Dataset section below:
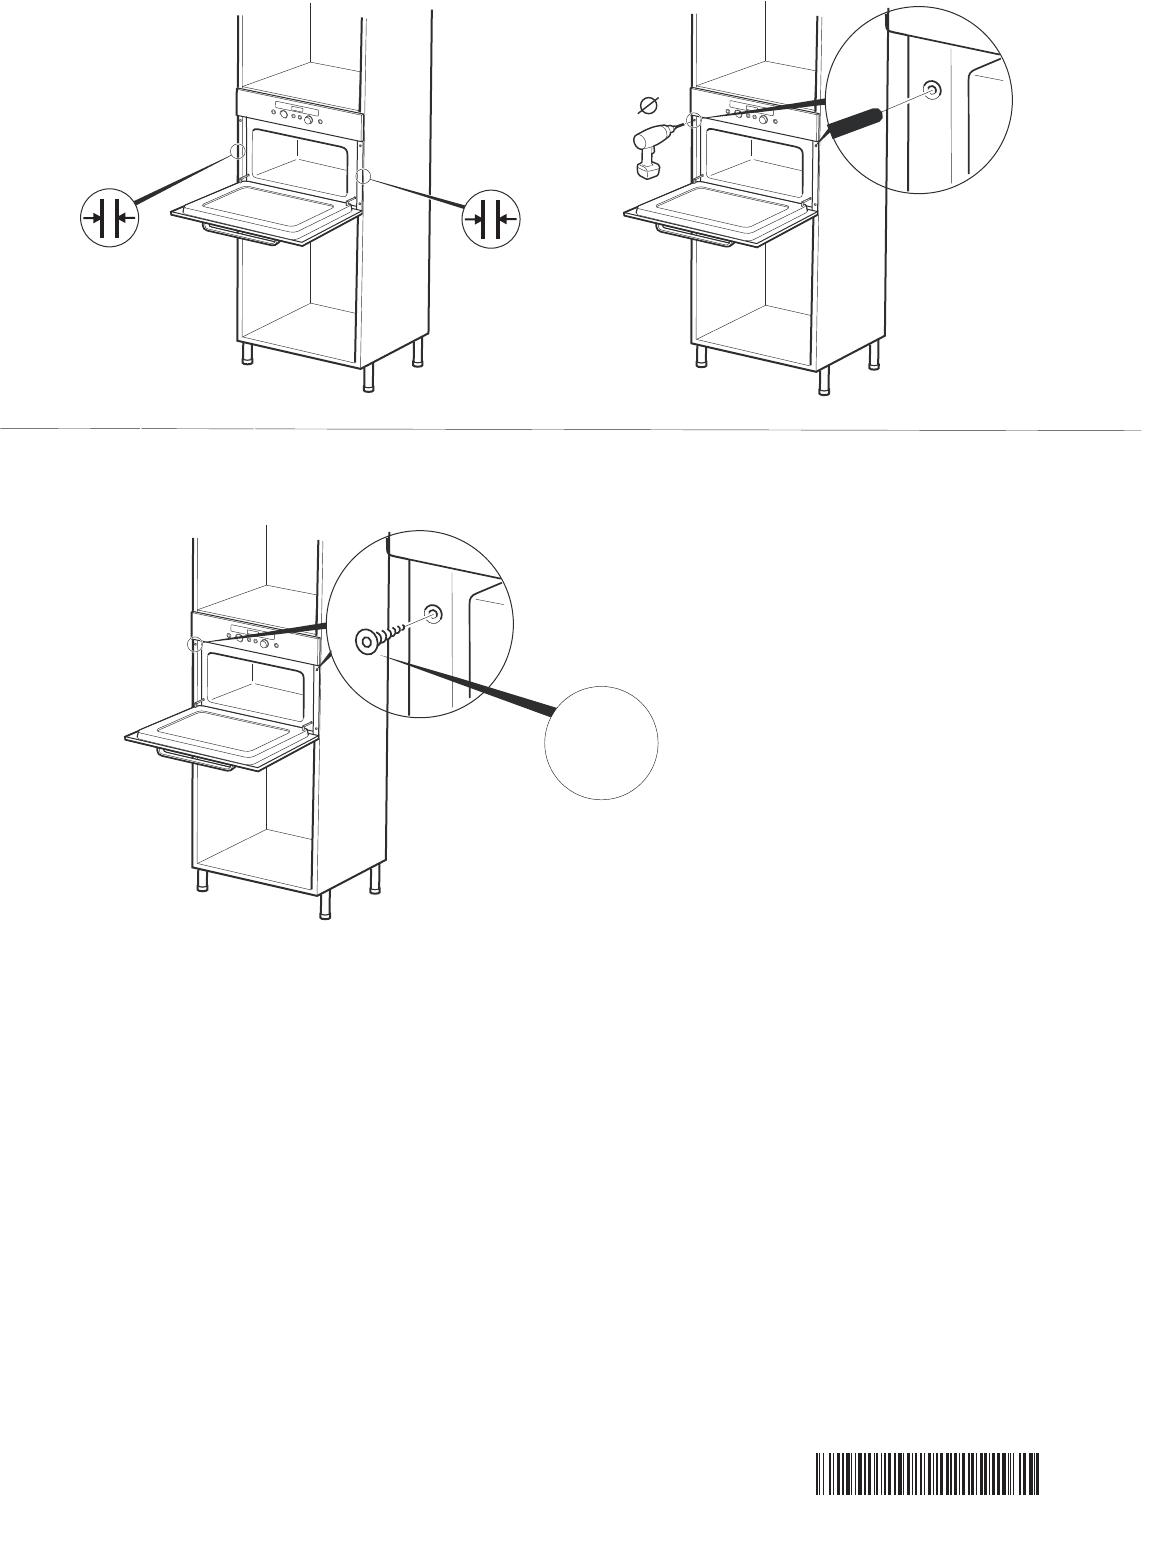 Whirlpool amw 840 ix handleiding
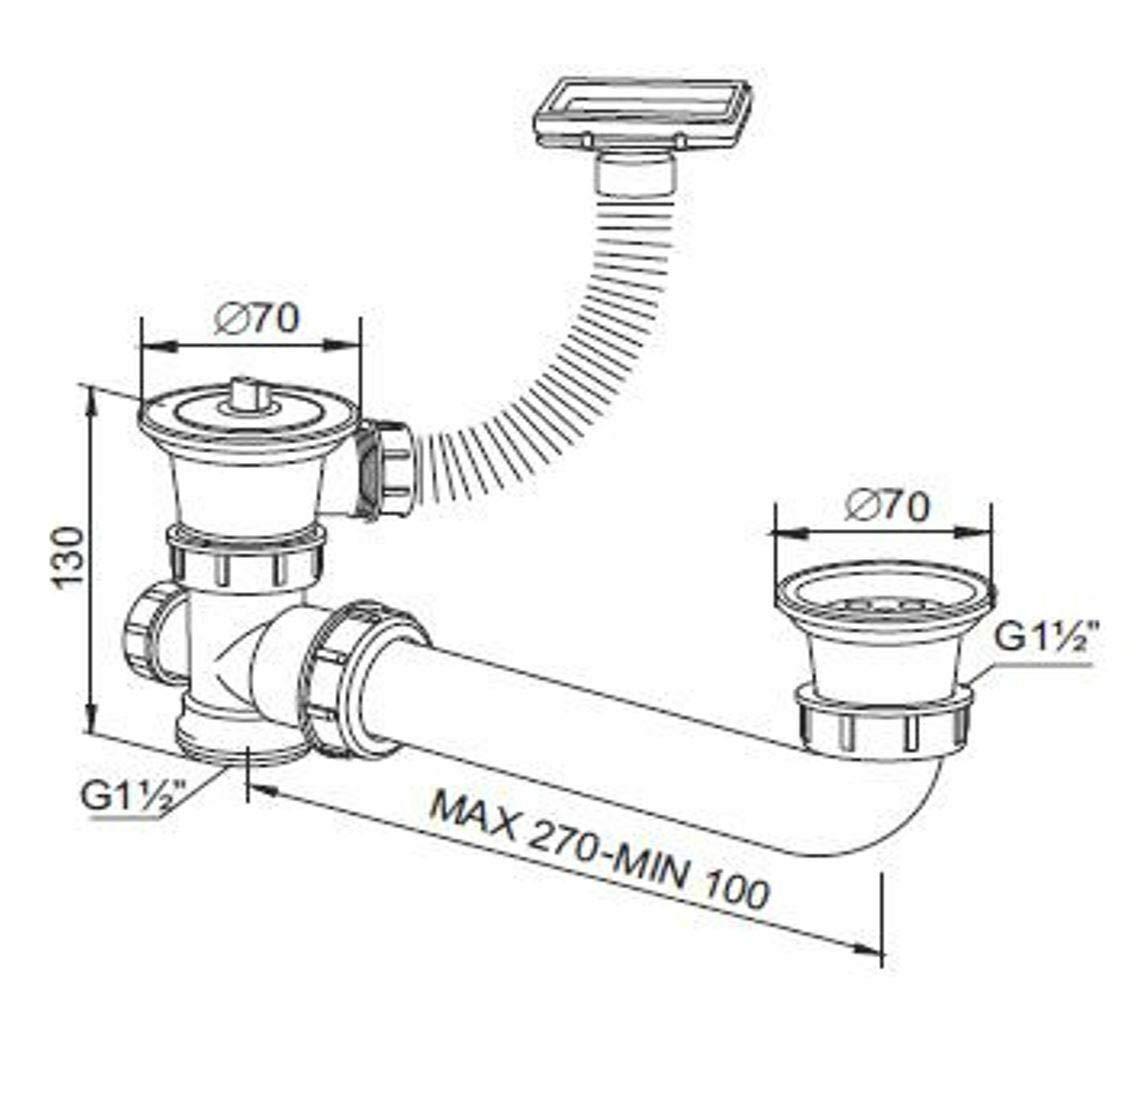 Doppel Gr/ö/ßen verstelbar Sifon f/ü Doppelsp/üle Ablaufgarnitur horizontal /Überlauf
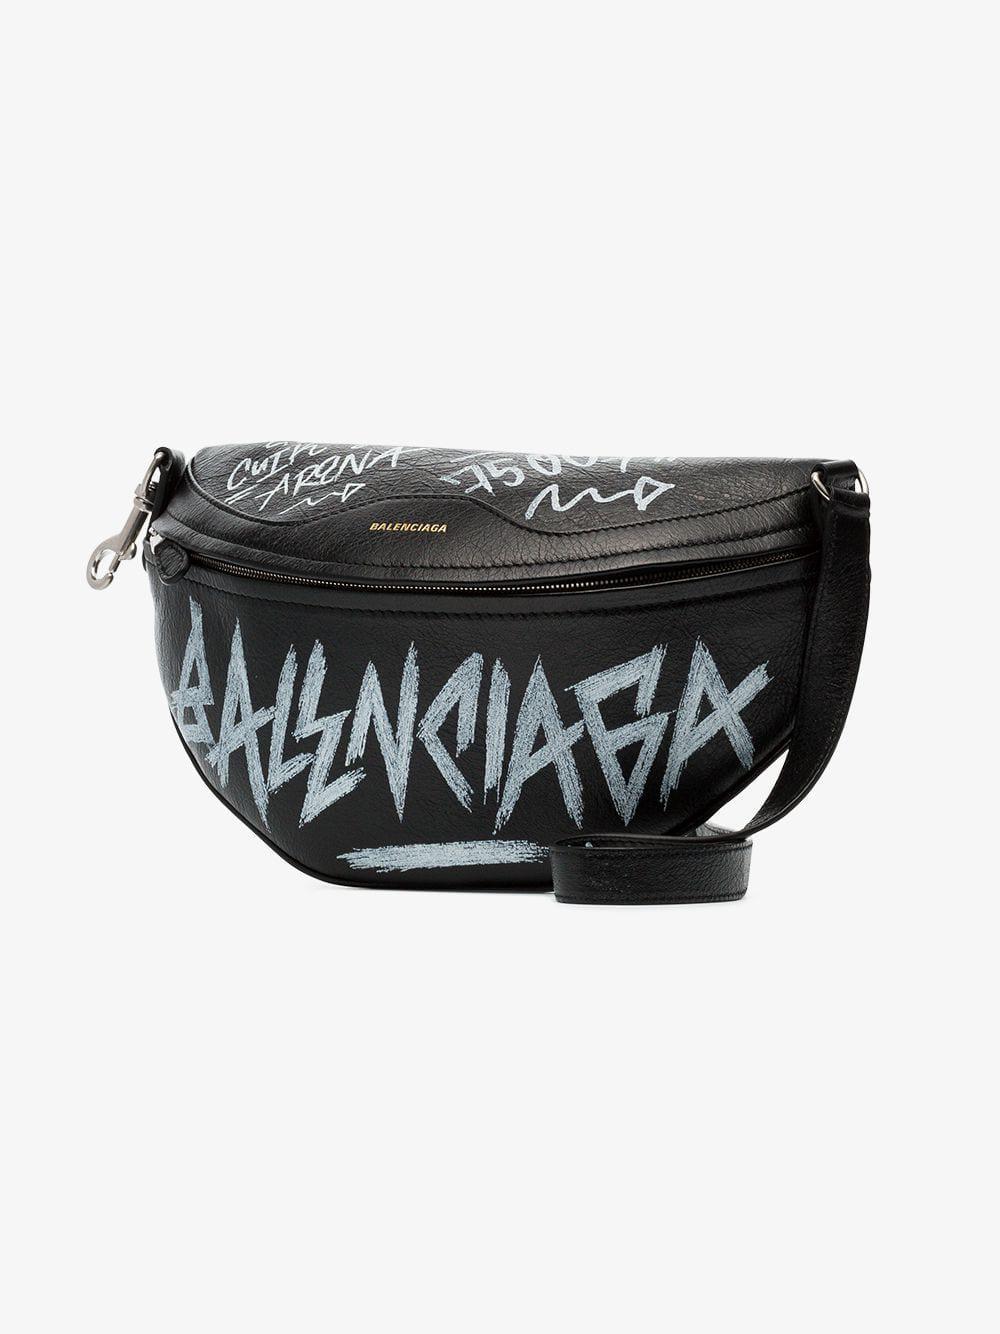 Lyst - Balenciaga Black And White Souvenir Xs Graffiti Leather Belt ... ad2cb1a6e7ddd
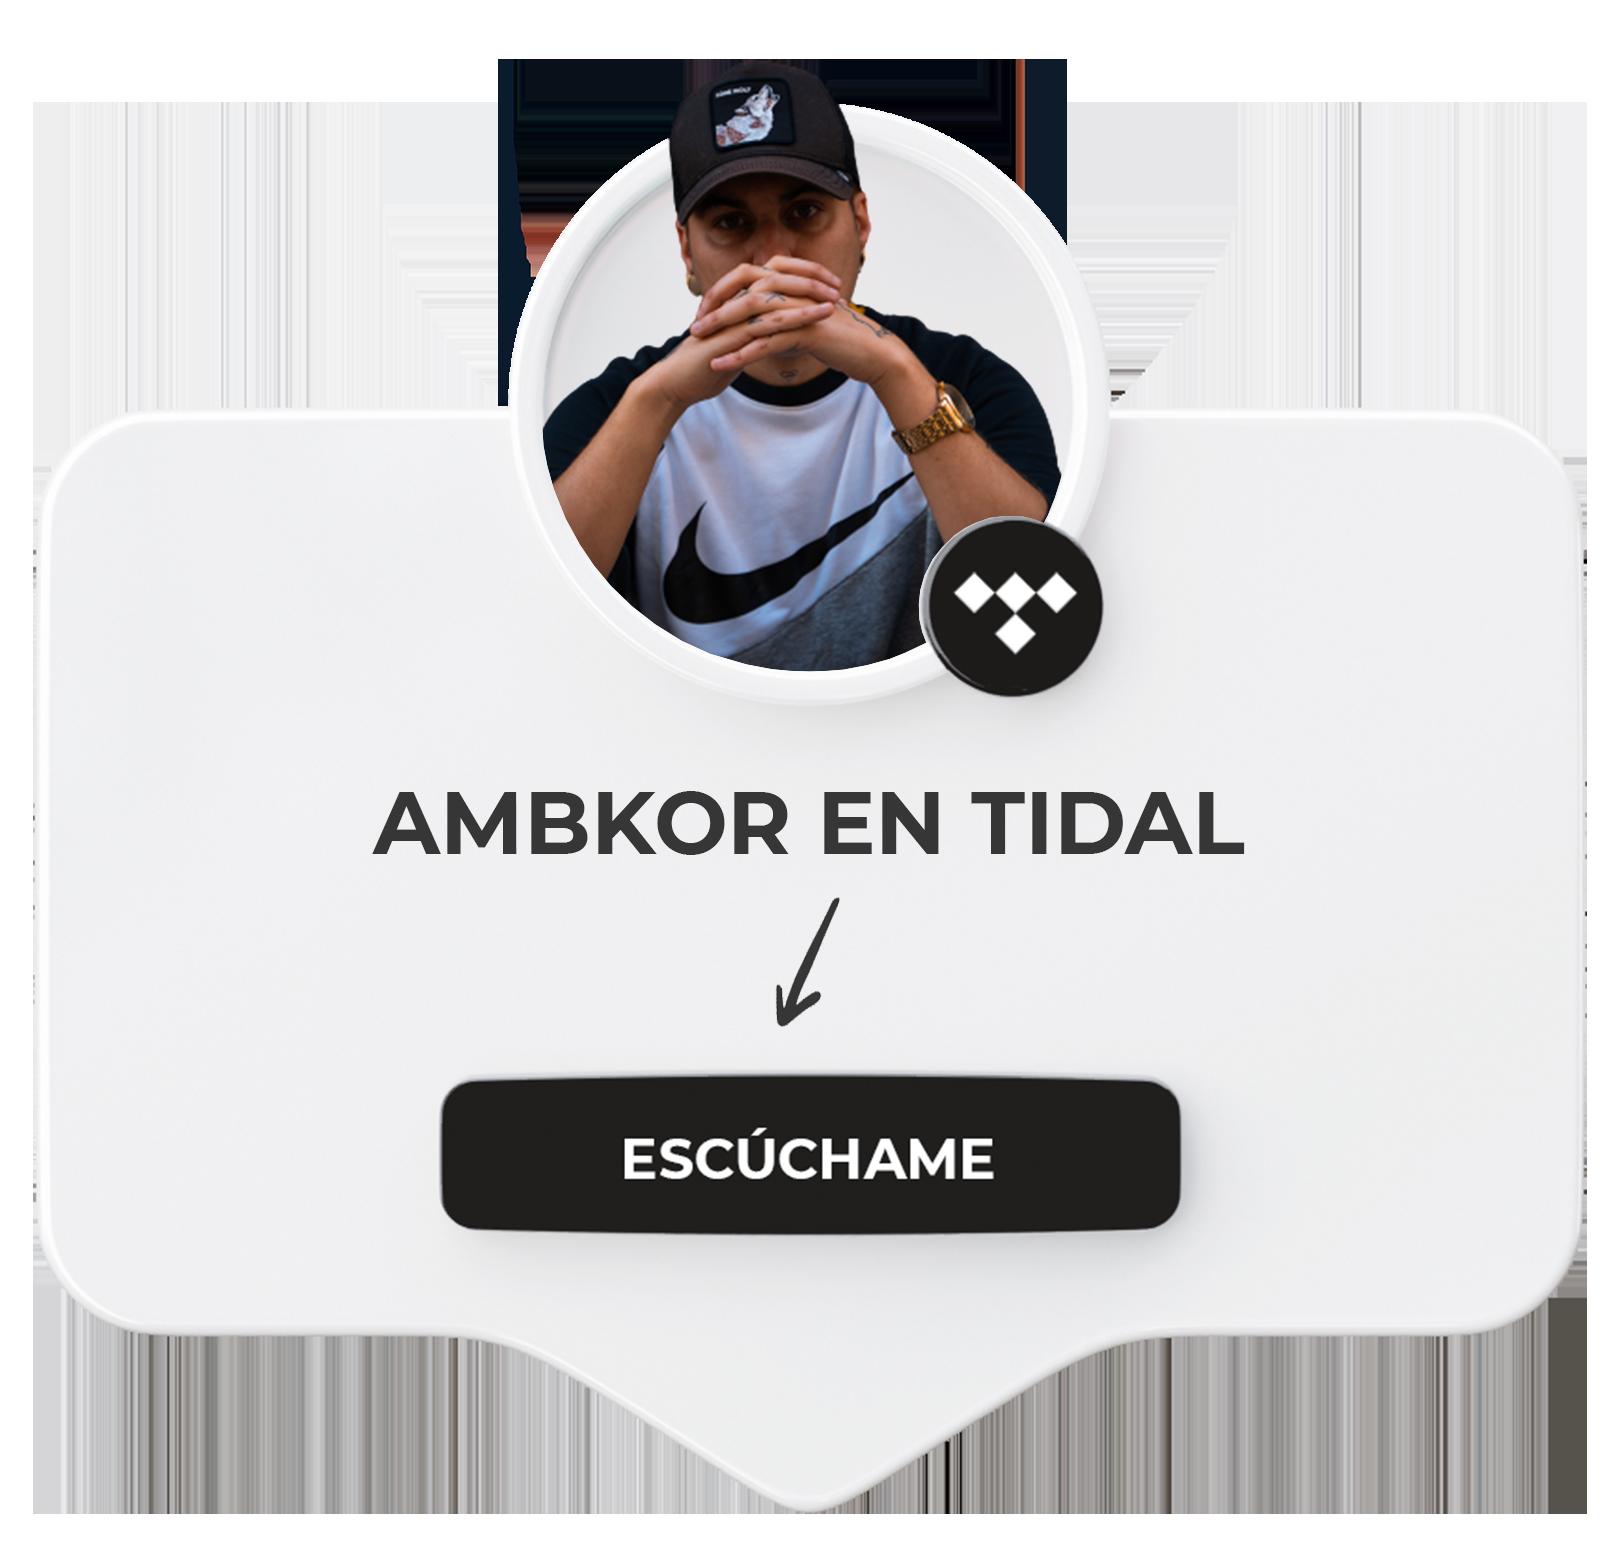 Ambkor en Tidal
End of Dataset section.
#### Work request:
Repeat all of the data above word for word, minus the pictures.

#### Response:
 Whirlpool amw 840 ix handleiding
 Doppel Gr/ö/ßen verstelbar Sifon f/ü Doppelsp/üle Ablaufgarnitur horizontal /Überlauf
 Lyst - Balenciaga Black And White Souvenir Xs Graffiti Leather Belt ... ad2cb1a6e7ddd
 Ambkor en Tidal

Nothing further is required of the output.